Monday, September 21, 2009

the destruction OF MY SOUL

There are two things you should be aware of if you're going to continue reading this blog:

one, I am prone to hyperbole.

(what? I know.)

two, I am not using hyperbole when I say that the sound of my children throwing up makes me want to die. It causes my brain to liquefy, my heart to shrivel and my soul to crack.

(maybe a little hyperbole.)

Since that remarkable day some four years ago when I first became a mother, I have suffered indignities you would not even believe, including, but not limited to:
  • being spit up on
  • being yelled at
  • finding someone else's food smeared in my hair
  • being kicked
  • pregnancy
  • working 115 hour weeks
  • being used as a human tissue
  • being woken up at least once every hour in the night
  • being head-butted
  • having feces leaked onto my clothes

and I can honestly say it hasn't particularly bothered me. even though in any scenario other than motherhood, this list would constitute torture.

however.

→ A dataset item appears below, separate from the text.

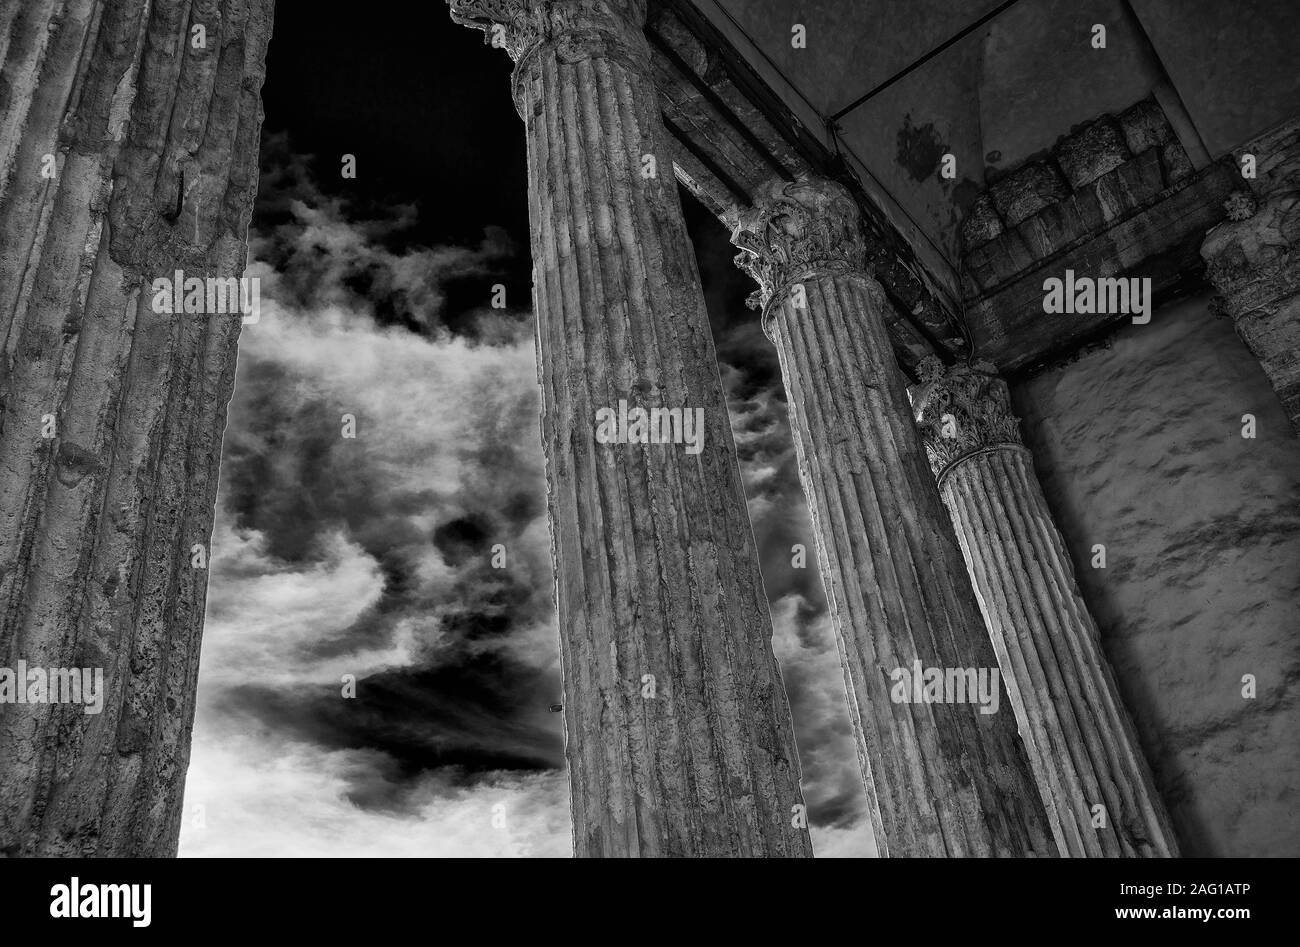 Antike römische Architektur und Archäologie in Assisi. Tempel der Minerva alten Spalten mit Wolken, errichtet im 1. Jahrhundert v. Chr. (Schwarz und Weiß) Stockfoto

HOWEVER. I cannot be so blase about the vomiting. it is not possible. Kids throwing up is the one part of motherhood that I simply can't (won't?) pretend is okay, none of this stoic "we're just fine, just keep going, tra-la-la" for me. as far as I'm concerned, they start gagging and the whole entire world is ending. may as well curl up under my comforter and let the agony of parenthood carry me to an early grave.

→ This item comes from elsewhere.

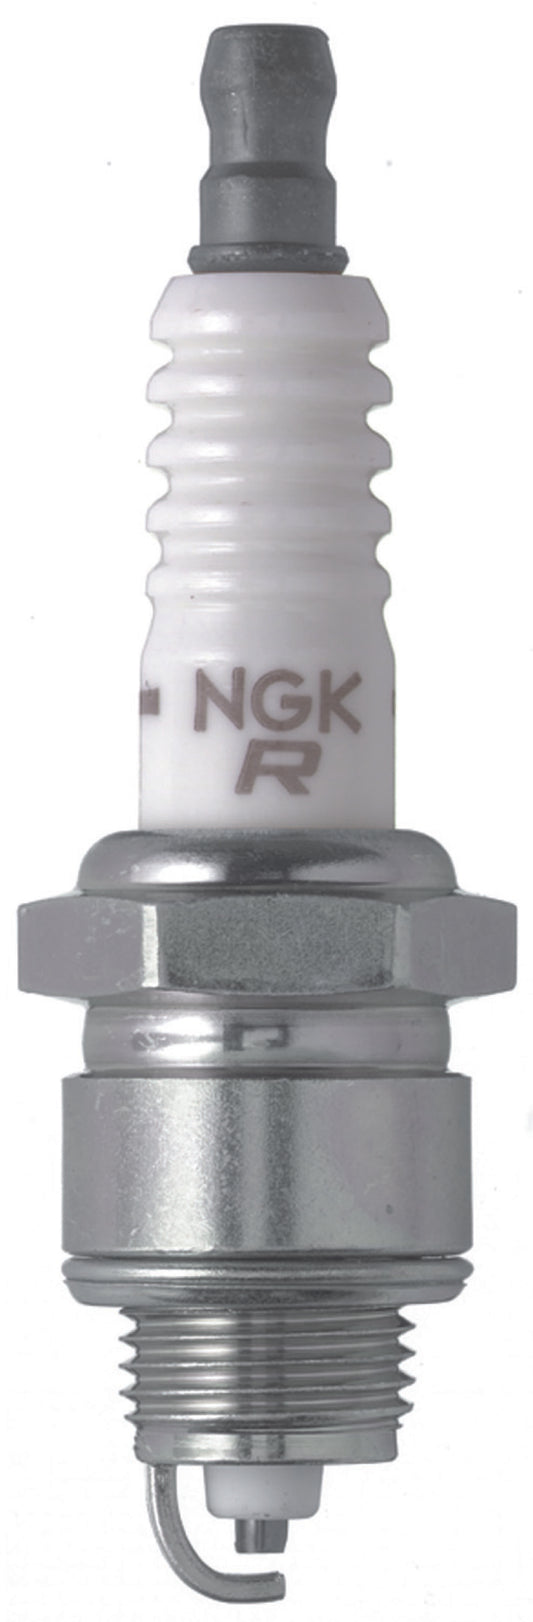 NGK V-Power Spark Plug Box of 4 (XR4)

...wait, where was I going with this?

Oh, right.

hey! guess what happened today?

4 comments:

Jen said...

GROSS! We have been lucky in that department so far.... knock on wood. Sorry for your destruction. Ball pit balls. ToysRUs 250 balls for 25 bucks. I think you can get 100 for 10 at Walmart as well. Then we just used an inflatable pool for our ball pit rather than buying an actual ball pit. Most ball pits are 50 buck and up. Not worth it. Worth the money. The kids love it. And I am sure it will be out all winter

Mark said...

We have a sicky at home too. Not fun! We took her pull-up off and you guessed it, Diarrhea, all over the floor from the bedroom to the bathroom.

Johnson-n-Johnson said...

I can't barely read about it without gagging. Sorry about your day. You deserve some chocolate. and fruit loops!

Maggie & Grant said...

I totally relate, It was the destruction of my life!, Last week when all 3 got it at once, and then one got it again 2 days latter and then!, I got it 2 days latter! I feel the pain!